Network timeout on answerRe-submit the same answer (idempotent).

Best practices

Session management

  • Store assessment_id securely between requests.
  • Sessions expire after 24h; auto-pause after 30 min idle.
  • Check expires_at to anticipate expiration.

Answer submission

  • Include response_time_ms when possible (improves IRT accuracy).
  • Acceptable range: 5 – 60s for MC, 60 – 300s for open-ended.
  • The same answer can be safely re-submitted (idempotent).

Error handling

  • Retry with exponential backoff for 429 and 503.
  • Use recovery_action for user-facing guidance.
  • Poll on 202 for pending results.

Result visualization

  • Use radar charts for dimension scores.
  • Color-code literacy levels 1 – 5.
  • Highlight strengths (≥ 70%) and growth areas (< 60%).

Code examples

Drop-in patterns for the two most common integration headaches.

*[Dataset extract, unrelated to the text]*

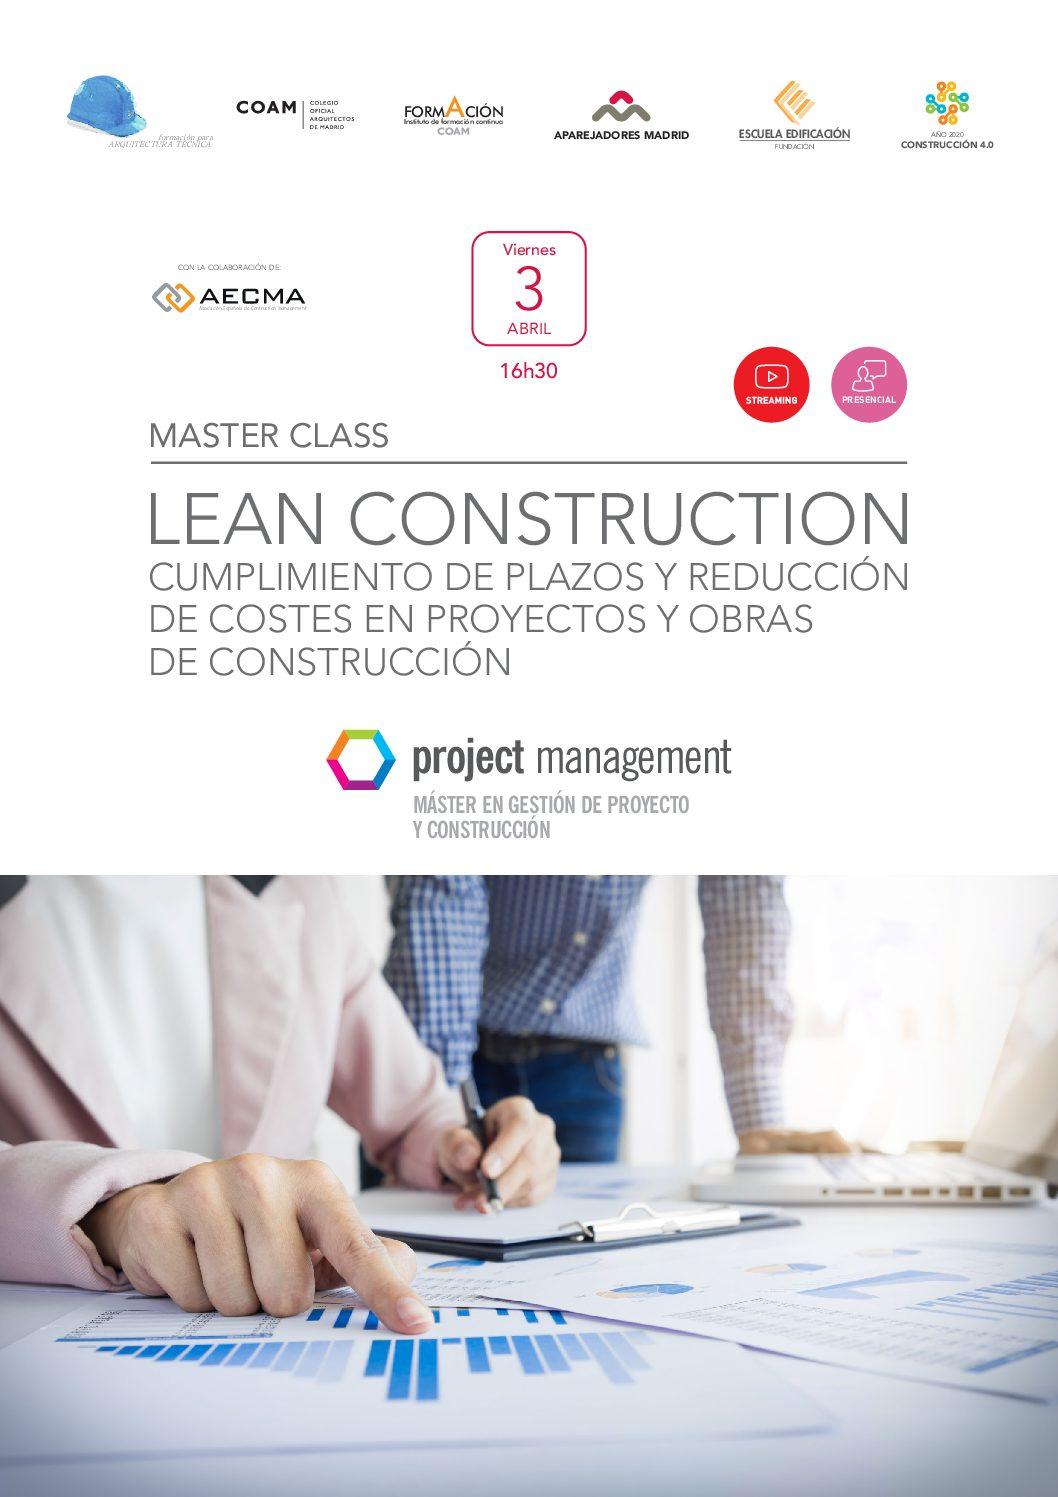 MÁSTER CLASS LEAN CONSTRUCTION CUMPLIMIENTO DE PLAZOS Y REDUCCIÓN DE COSTES EN PROYECTOS Y OBRAS DE CONSTRUCCIÓN.

Retry with exponential backoff

retry.js
async function apiRequest(url, options, maxRetries = 3) {
  for (let i = 0; i < maxRetries; i++) {
    const response = await fetch(url, options);
    if (response.status === 429 || response.status === 503) {
      const retryAfter = response.headers.get('Retry-After') || 5;
      await new Promise((r) =>
        setTimeout(r, retryAfter * 1000 * Math.pow(2, i))
      );
      continue;
    }
    return response;
  }
  throw new Error('Max retries exceeded');
}

Poll for pending results

poll-results.js
async function getResults(assessmentId, token) {
  while (true) {
    const res = await fetch(
      `https://ailat.io/api/v1/assessments/${assessmentId}/results`,
      { headers: { Authorization: `Bearer ${token}` } }
    );
    if (res.status === 200) return res.json();
    if (res.status === 202) {
      const delay = res.headers.get('Retry-After') || 30;
      await new Promise((r) => setTimeout(r, delay * 1000));
      continue;
    }
    throw new Error(`Unexpected status: ${res.status}`);
  }
}

Support

Support

Changelog

v1.0.1

  • Adaptive track thresholds adjusted from ±1.5 to ±1.0 for better responsiveness.
  • Adaptive track now continuously re-evaluates during the assessment.
  • Sessions auto-pause after 30 minutes of inactivity.
  • Answer submission is idempotent (safe to retry on network timeout).
  • Pending results return 202 instead of 500.
  • Unimplemented endpoints return 501 with clear messaging.
  • Added strongest_dimension, weakest_dimension, time_period to organization results.
  • Added Cache-Control headers to results and analytics endpoints.
  • Rate limiter fails closed (503) instead of silently bypassing.
  • Authentication errors unified to prevent token enumeration.

v1.0.0

  • Initial API release.
  • Core assessment endpoints.
  • Organization analytics.
  • Adaptive testing with IRT 2PL model.
  • Learning path recommendations.

Planned for v1.1

  • Batch invitations (POST /organizations/{id}/invites).
  • Data export (GET /organizations/{id}/export).
  • Webhook notifications (POST /webhooks).
  • Enhanced organization management.

All timestamps use ISO 8601 format. All IDs use the prefix pattern (asmt_, org_, user_).